At Google's parent company Alphabet's annual meeting today, shareholders are planning to introduce 13 resolutions calling for a range of changes at the company. The most dramatic, by far, is a proposal to break the company into smaller pieces before the U.S. government forces the move. 

Like other major tech companies facing shareholder activism, the proposals are all likely to fail due to the multi-class share system that vests most of the voting control with insiders. In this case, founders Sergey Brin and Larry Page control a combined 51 percent of voting shares.

In fact, another of the proposals introduced would change that structure so that every share has an equal vote. Over the past few years, this proposal has garnered as much as 88 percent of non-insider votes, signaling that there is actual energy behind the movement to wrest absolute control from Google's founders, but so far the company hasn't been interested in making a change.

After a series of mounting challenges including increase regulatory scrutiny, privacy concerns, and employee walkouts, Google is under immense pressure to make change, but the real question is, will these moves result in more than a symbolic statement?

Probably not.

A proposal to break up Google.

The reason shareholders want to break up the company has to do with two factors. First, they believe there would be increased value unlocked by separating out business functions like Gmail, GoogleAds, or search. 
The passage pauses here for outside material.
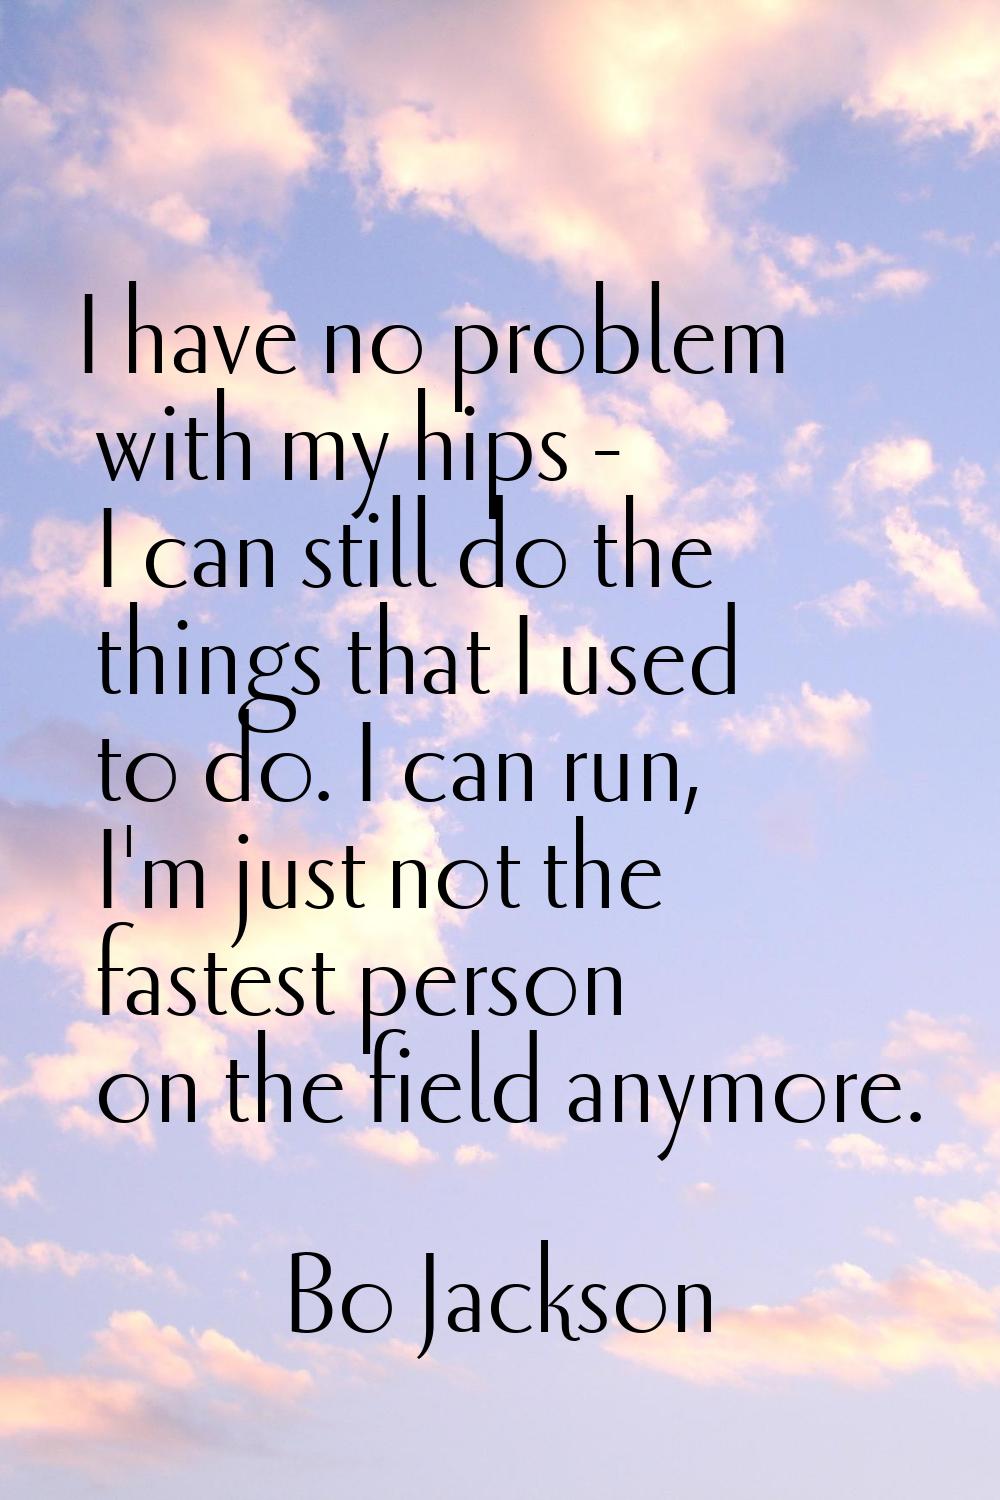 I have no problem with my hips - I can still do the things that I used to do. I can run, I'm just n

Second, the shareholders believe that Google is going to be forced to break up eventually, so it's better to do so on its own terms. I'm not convinced Google is sure to lose any case that regulators may bring, but that's not the only consideration. Even the battle could cause deep wounds to the company for the foreseeable future.
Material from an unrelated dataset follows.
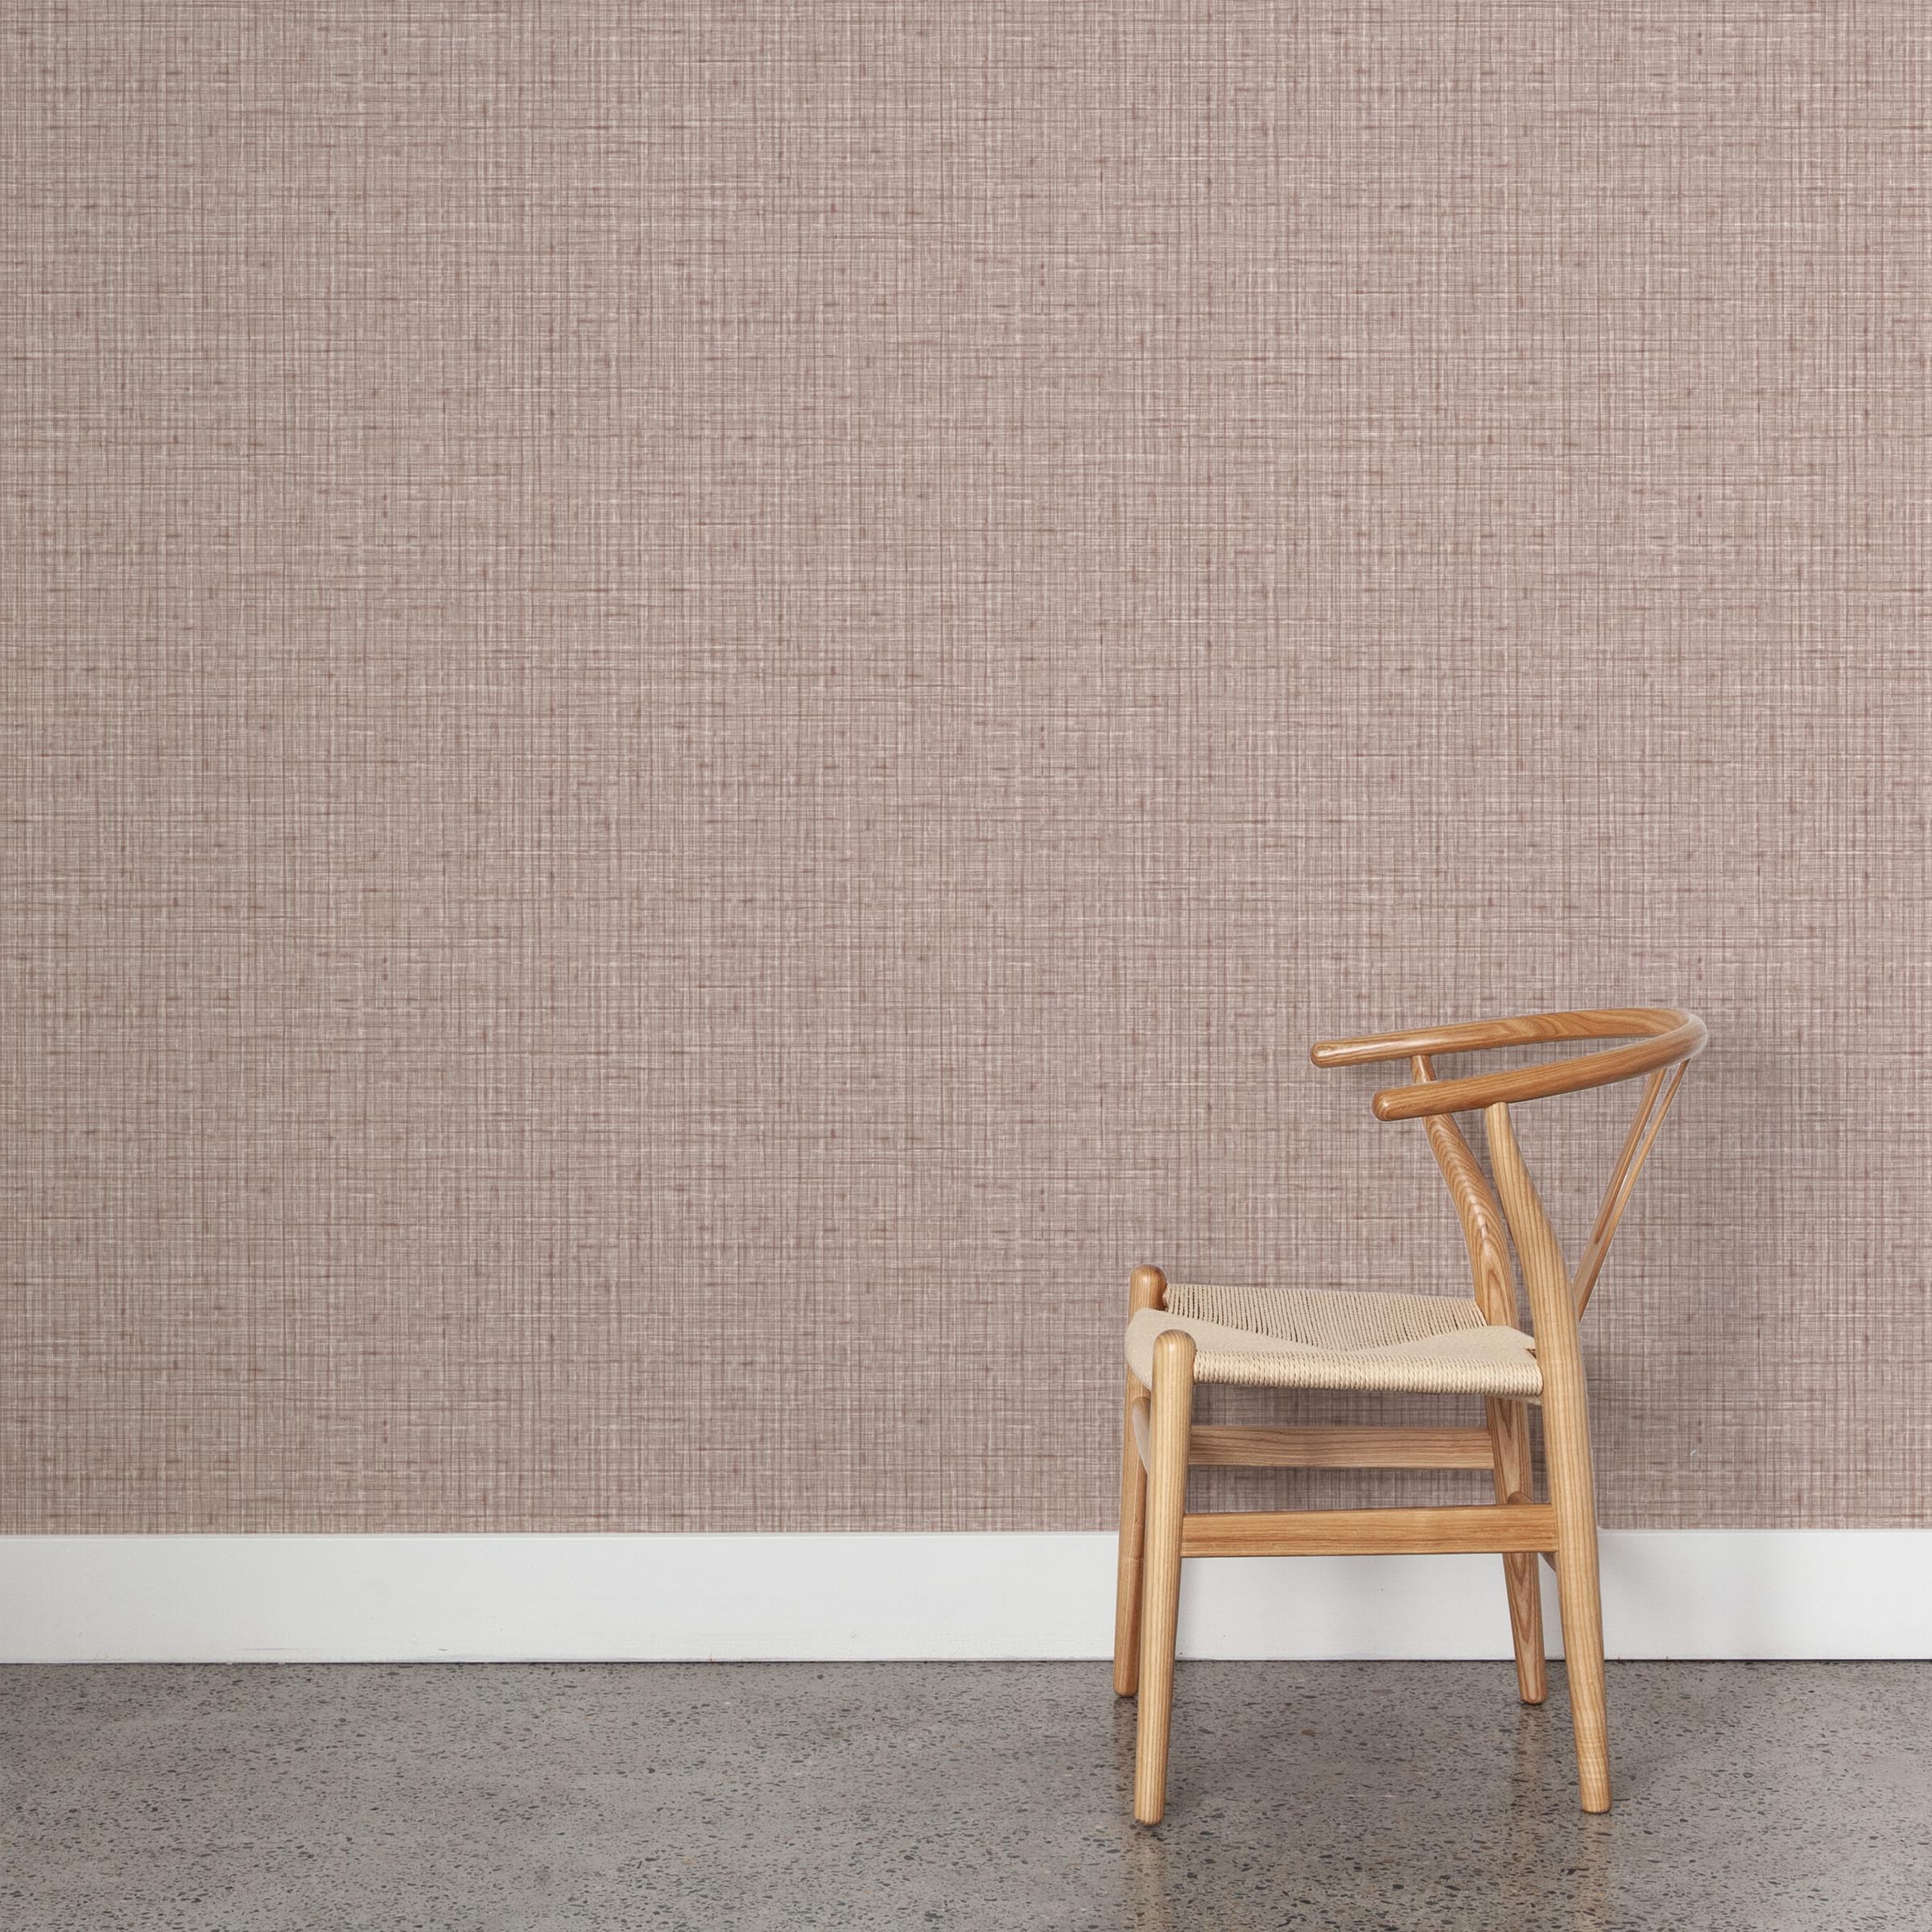 A wooden chair stands in front of a wall papered in a textured tweed pattern in shades of purple.

The bigger problem for shareholders is that these proposals have no chance of passing, meaning that they "own" part of a company over which they have no voice. Believe it or not, it's a problem for Google as well.

The founder's temptation.

As a founder, it's tempting to think of the business you created as 'yours.' At first, in many ways, it is. You may very well own 100 percent of the company, make all the decisions, and in many cases be the only employee. But as you grow, your role and your responsibilities change. 
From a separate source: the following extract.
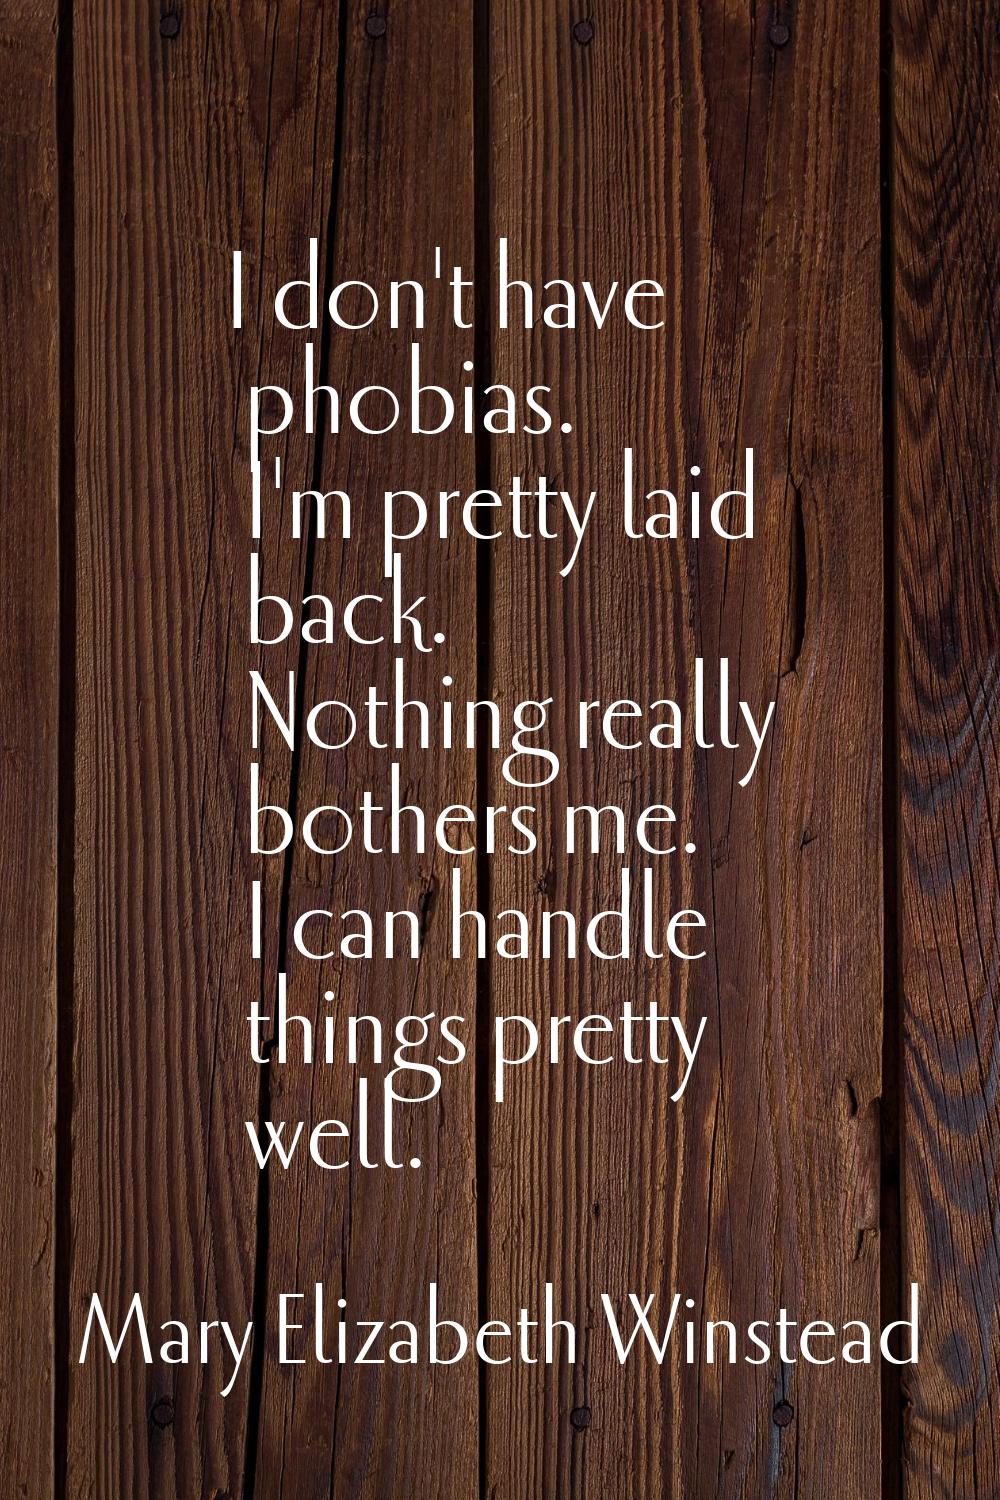 I don't have phobias. I'm pretty laid back. Nothing really bothers me. I can handle things pretty w

As soon as you bring on employees you become responsible for providing an environment where they can grow and thrive. You also become, in some ways, responsible for the financial well-being of others. The decisions you make directly affect them and their families.

When you bring on investors, your role changes again. In exchange for financing, you give up not only some ownership, but also autonomy. Every founder would love to be able to bring on investors' cash, without having to give up any control, but that isn't the way it works. Even if you maintain effective control of your business, you are now responsible to people who have directly invested not just in your company, but in you and your idea.

Lately, when tech companies go public, they've gotten away with taking shareholder's cash without letting go of control. The problem is that founders and shareholders have different priorities and that dynamic requires a careful balance that doesn't exist when founders maintain overall control. 

An increasingly common problem.

It's not entirely the founders' fault. Investors have been eager to put their money in the hottest new thing in hopes of oversized returns, and in that there has been almost no incentive to give shareholders a vote equal to their ownership. 

Google isn't the only one. Facebook has faced similar pressure from shareholders to remove CEO Mark Zuckerberg from the Chairman's role, but like Google, he exerts extraordinary control over the voting shares of the company. 

If you're an investor, you have to ask yourself how many of your resources do you want to trust with a company that believes that only its founders know best. 

And if you are a small business owner, consider that as you grow, yours isn't the only voice with something valuable to say. The people who have put their money where their mouth is deserve to be heard.